= Jan Dunn (ceramicist) =

Australian ceramicist, potter and teacher (1940–2002)

Jan Dunn (23 May 1940 – 15 May 2002) born in Springvale, Victoria, Australia, was a potter, ceramicist and teacher.

== Ceramics biography ==

=== Art education ===
Dunn graduated from the former Canberra School of Art in 1979 with a Diploma of Visual Arts – Ceramics, travelled to Egypt and the Middle East where she studied Arab lustreware in 1978 and 1987 and lived in Tokyo for three years (1985 –1988) studying Japanese pottery and brushwork.

=== Ceramics career ===
Jan Dunn worked from her home studio in Canberra, Australian Capital Territory (ACT), Australia. She held positions on national ceramics committees and the ACT Crafts Council and taught pottery at the Australian National University (ANU) Arts Centre and Workshop, in schools, colleges and in her own studio. Her ceramics are held in the Canberra Museum and Gallery, Central Craft in Alice Springs and the National Gallery of Australia where her art diaries and papers are also in the gallery's archives. Slides of Dunn's work were accepted into the Craft Australia (then the Crafts Council of Australia) slide library. From the 1960s to the early 1990s, Craft Australia maintained a slide library of original artwork from the Australian Studio Craft Movement representing the work of professional craftspeople.

Dunn maintained a network of colleagues and continued to learn from them; Australian potters and ceramicists such as Marea Gazzard, Rod Bamford, Janet deBoos, Anita McIntyre, Alan Peascod, and international speakers at the National Ceramics Conferences in the 1980s such as Colin Pearson, Michael Cardew and Paul Soldner. She contributed to the development of Australian ceramics through her committee work which included the National Ceramic Award Committee 1990 to 1994, National Ceramic Conference Committee 1996, Management Committee ACT Crafts Council 1988 to 90 and ACT Crafts Council fundraising Committee 1992.

=== Technique ===
During the 1980s Dunn produced lustreware vases, pots and occasionally platters, often decorated with traditional motifs. She built two kilns in her home studio in Canberra, Australian Capital Territory with some kiln parts bought from her time in Japan. She made hundreds of sketches in her sketchbooks of flowers, seed pods, jugs, vases, symbols from various countries and preliminary designs for her own pottery. An art historian and curator described her vessels: "Dunn's irregular vessels draw their inspiration from shapes found in traditional Islamic objects and architecture and from the vessels and decoration of Medieval Europe. They also show the influence of time spent in Japan (1985-1988), a place where the traditional art of Tea expresses the importance of imperfection." Artfile featured a photo of one of her vessels from the Craft Australia slide library with a description of her combination and adaptation of traditional techniques, "Her one-of-a-kind decorative pieces have an Oriental flavour reflecting her interest in the Middle East and time spent in Japan".

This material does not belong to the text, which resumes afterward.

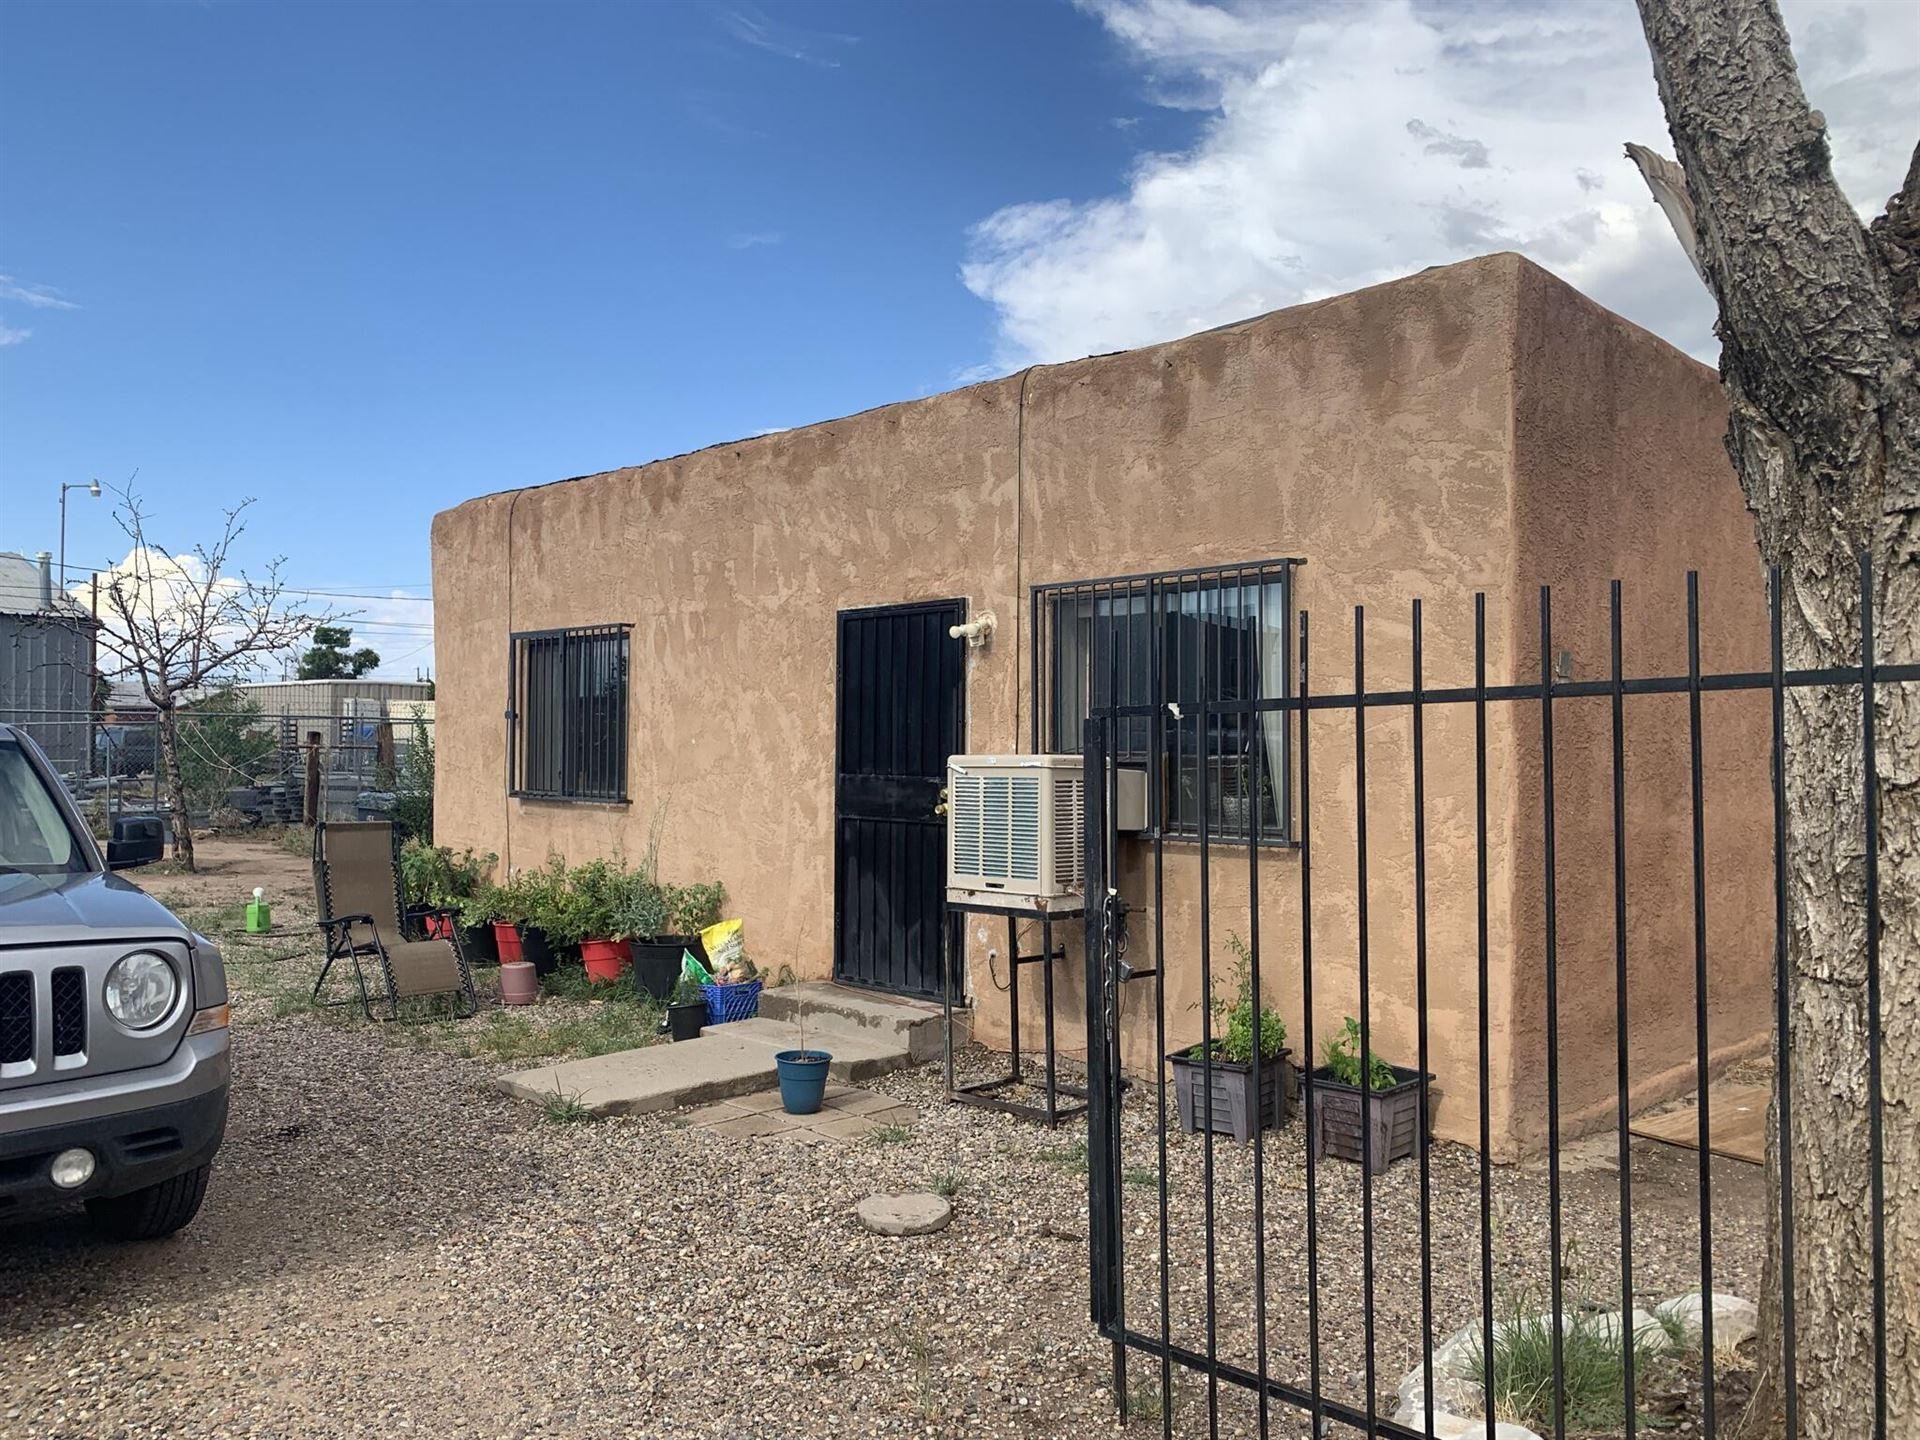 1618 8TH Street NW, Albuquerque, NM 87102 - #: 1001510

In the 1990s her practice changed towards using dry glaze, making irregular vessels decorated with animals and plants. In 1991 her ceramic Persian poppies was exhibited by Central Craft in the Alice Craft Acquisition Award at the Araluen Arts Centre, Alice Springs, Northern Territory and subsequently acquired by Central Craft for its collection. She also began studies in life drawing as her health deteriorated. Dunn's last solo exhibition, Metamorphica, was at the Link Gallery, Canberra Theatre Centre in 2000 where she showed her later dry-glaze fantasy creatures. In 2012 the Canberra Museum and Gallery acquired three Dunn vases created in the early 1980s from wheel-thrown stoneware, using a cobalt glaze under Arabian lustre glaze. The vases are decorated with Dunn's adaptations of traditional motifs and decoration.

=== Ceramics legacy ===
Dunn's papers, sketchbooks and four vases were accepted into the National Gallery of Australia's archives and collection in 2003.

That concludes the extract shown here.